当時はまだ監督業はされておらず、私の中では大人の俳優さん、という印象でした。
田舎の高校生の世界は狭かったので、伊丹十三さんの本で初めて知ったことはたくさんあります。大人社会や見たことのない世界へのあこがれにもつながっていたと思います。
そして、伊丹十三さんの本から習った、今でも私の行動のベースになっていることがひとつあります。
伊丹さんは料理をなさるのですが、調理をするときのルールとして、使った調理器具はすみやかに片付ける、ということが書かれていました。
調理の途中でも、使い終わったものは洗って片付ける、調理が終わり料理ができあがったときは、台所には調理道具の汚れものは何もない、という状態。
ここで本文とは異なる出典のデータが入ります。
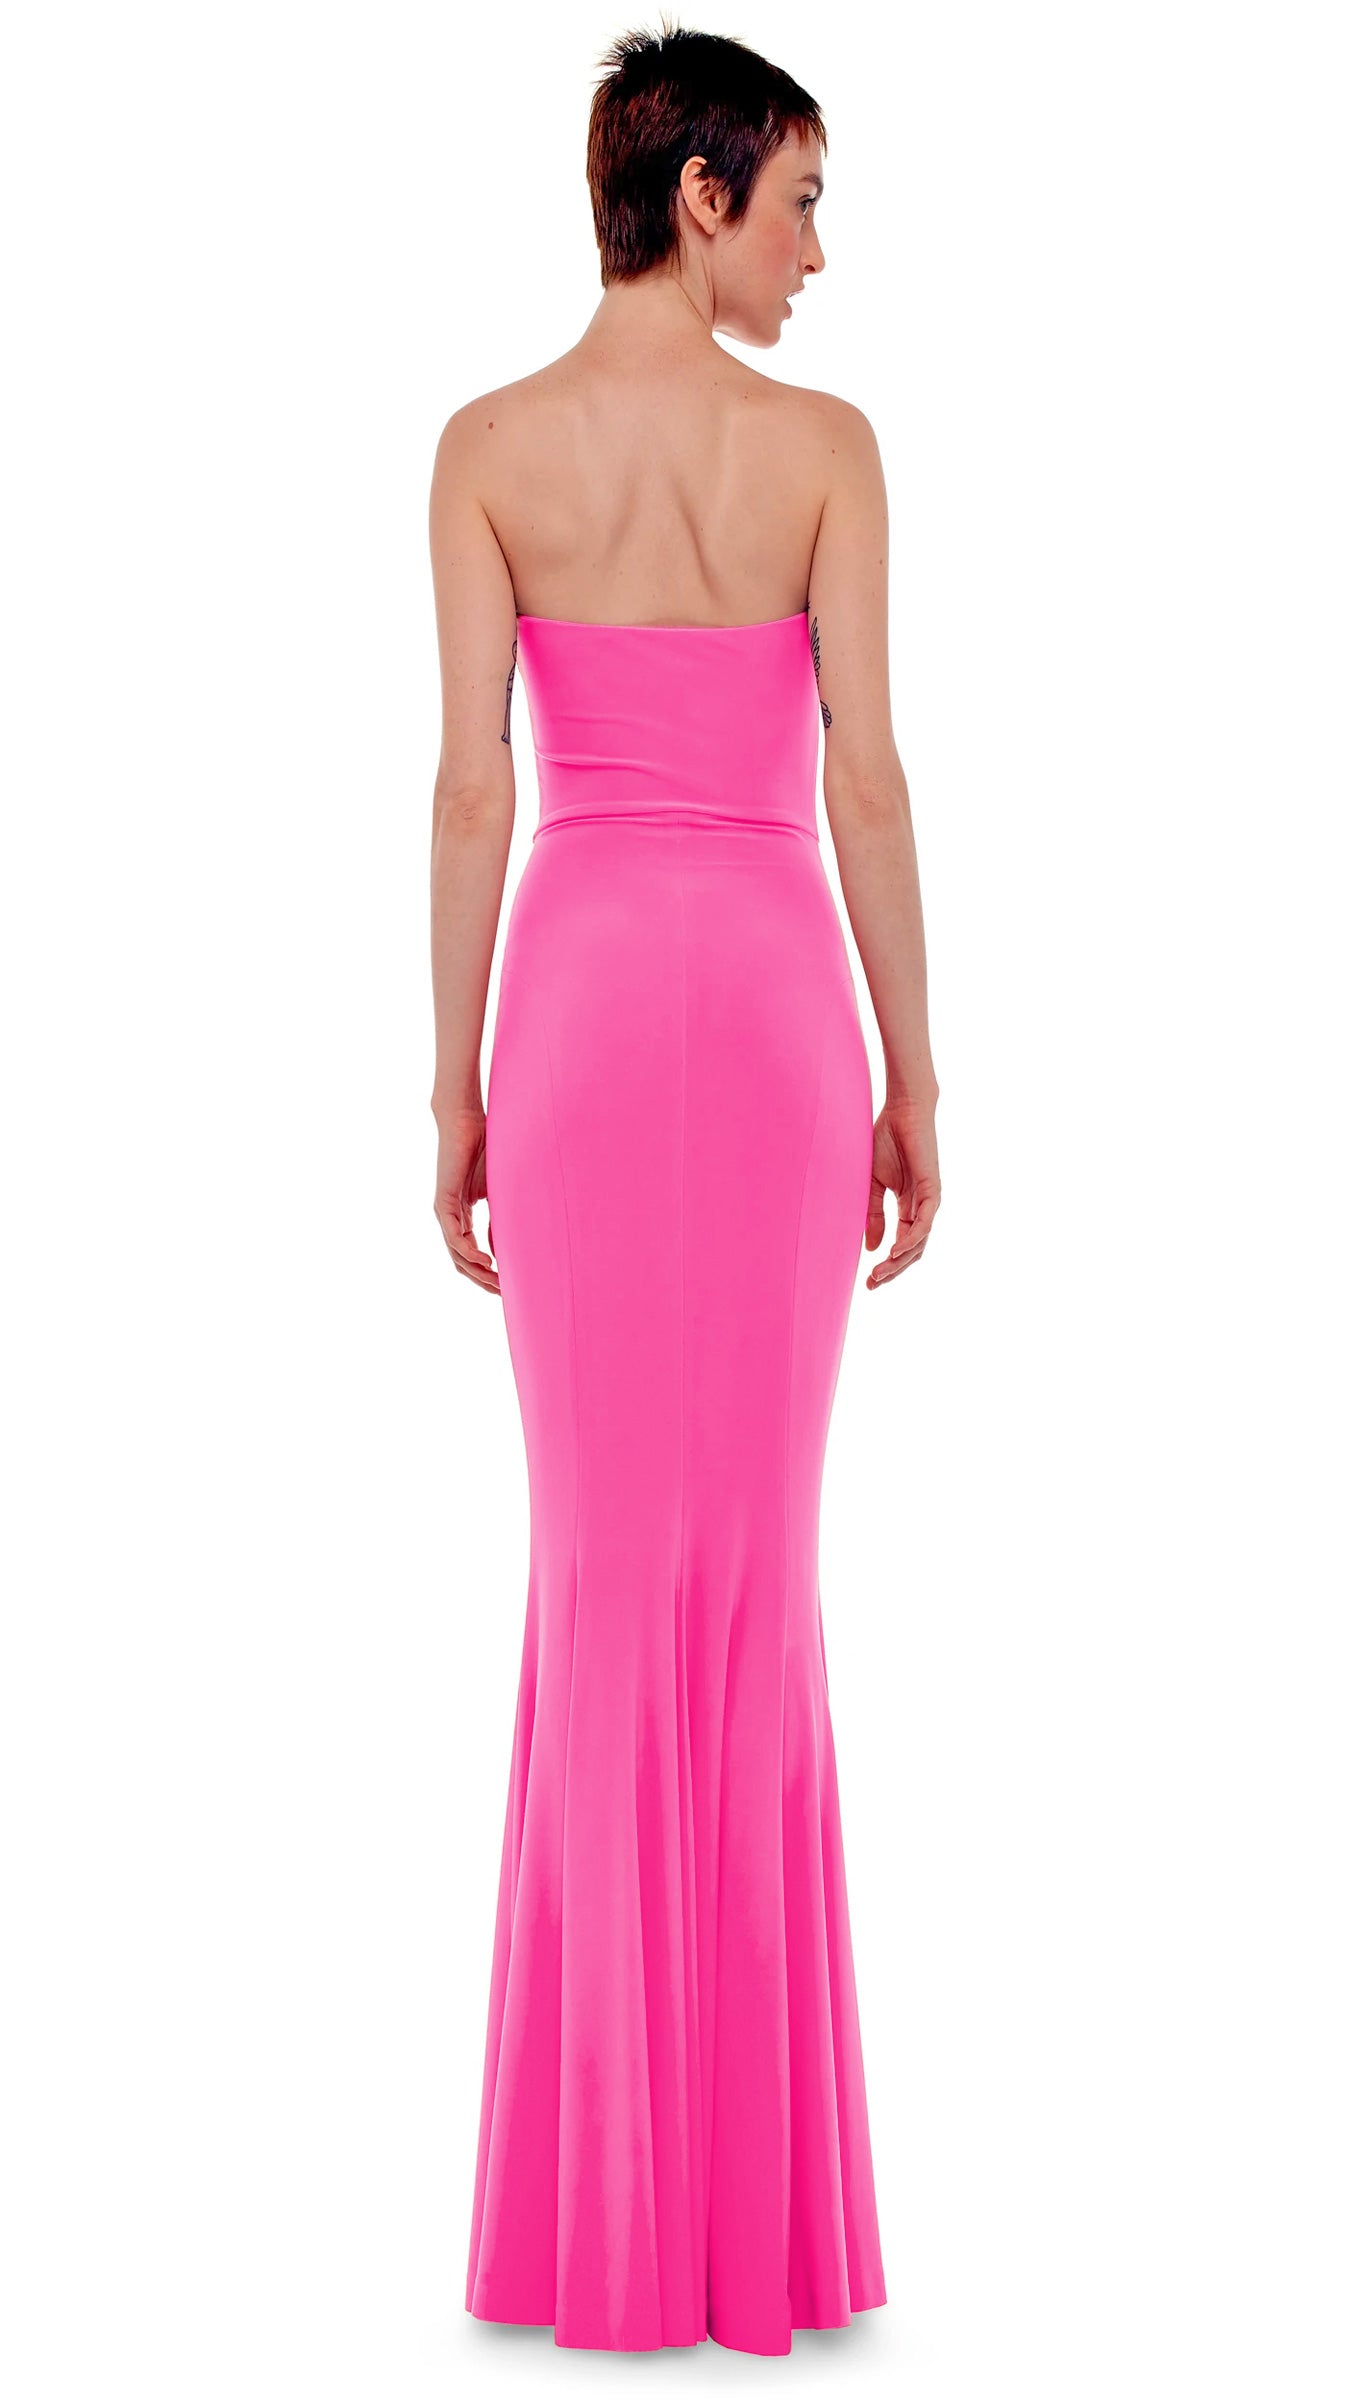 STRAPLESS FISHTAIL GOWN – Norma Kamali
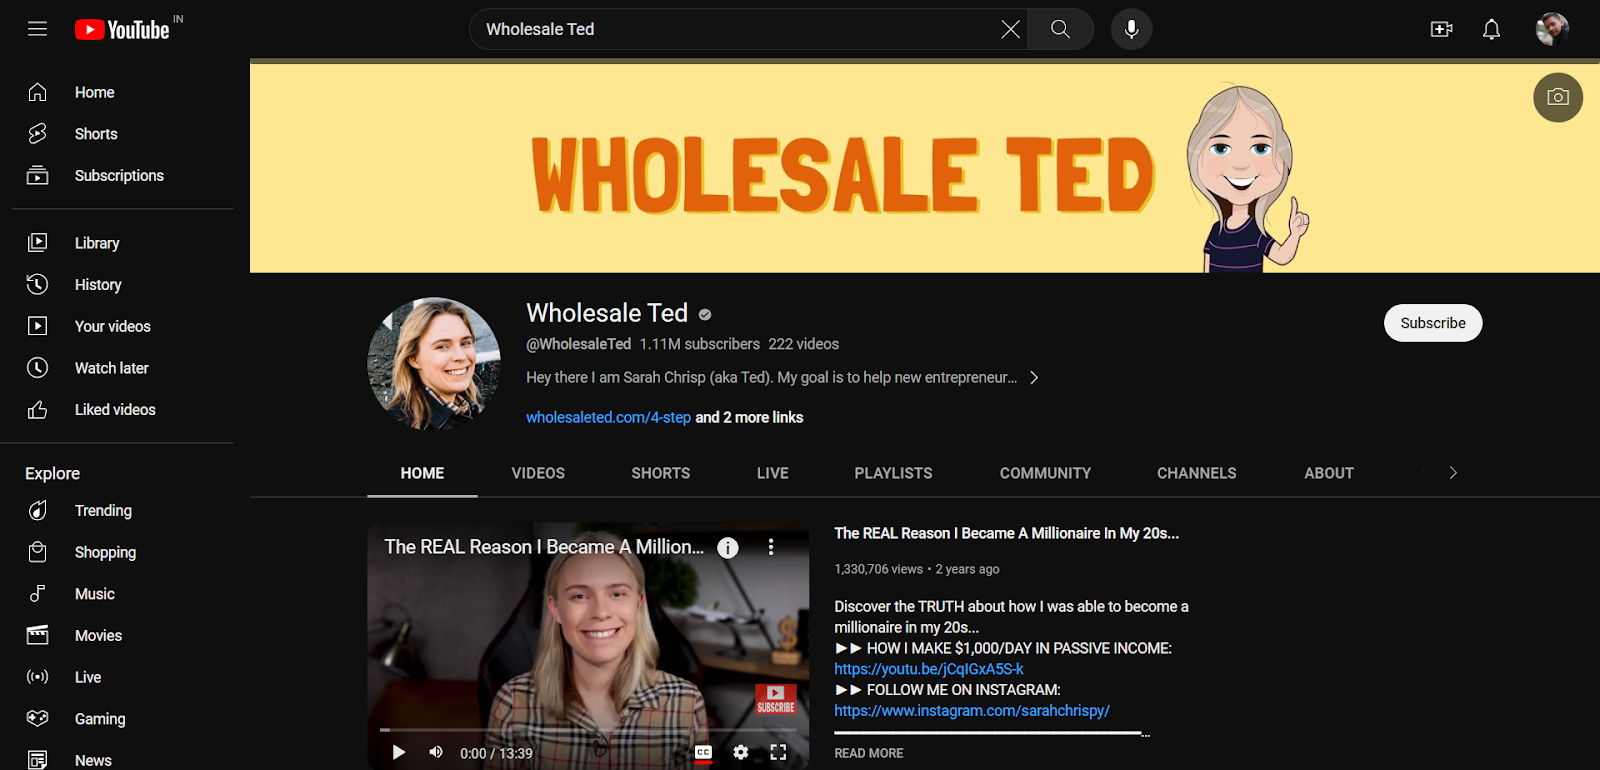 Wholesale Ted's YouTube channel

だから、台所をきれいにしたいときは料理を作る、と書かれていたと思います。(記憶がうろ覚えですみません。違うかもしれません。)
それは、何かの調理手順を描写している中で書かれていたと思います。作っていた料理が何かは忘れたのですが、この「使った調理器具は調理中でも順次すみやかに片付ける」ということは高校生時代の私に斬新に思えました。
我が家は母が病気でいなかったので、料理は主に父、ときどき私が作っていましたが、調理器具は使い終わったらとりあえずそのまま、食べ終わった食器は水を張った桶につけておいて、ひと段落したらそれらを洗う、という手順だったのです。
伊丹流をさっそく実践してみました。
クッキー作りで試してみました。
材料を出して、切る、計量する、混ぜる、容器に入れる、焼く・・・。
これまでは使い終わったものもそのままおいておいて、最後にまとめて片付けていましたが、今回は工程ごとに洗う、捨てる、片付ける。
そうしたら、本当にクッキーが焼きあがったときは、台所はすっきりしていました。
ほほう、できるもんだな。
それからはご飯を作るときも、調理の隙間、手があいたら包丁やまな板、鍋やボールをちゃちゃっと洗うようになりました。
それが、何十年もたった今も習慣になっています。
調理の合間にお鍋を洗いながら、伊丹さんの本で習ったんだよな、これ、とつぶやいています。
これは、実は料理だけでなく、仕事でも応用ができます。
不要になったメモはすみやかに片付ける、パソコンの画面で使い終わったウインドウは閉じる、など、後回しにしないとスッキリです。
試してみようと思われたら、まずは取り組みやすいことからやってみることをお勧めします。
私の行動に大きく影響している話しなのですが、どの本に書かれていたのか、何度かの引越しの際に失くした本もあるので記憶があやふやです。
今でも手元にある「ヨーロッパ退屈日記」という本は当時私のヨーロッパへのあこがれを倍増させた本で、今読んでもおもしろいです。
多才な方ですね、伊丹十三さん。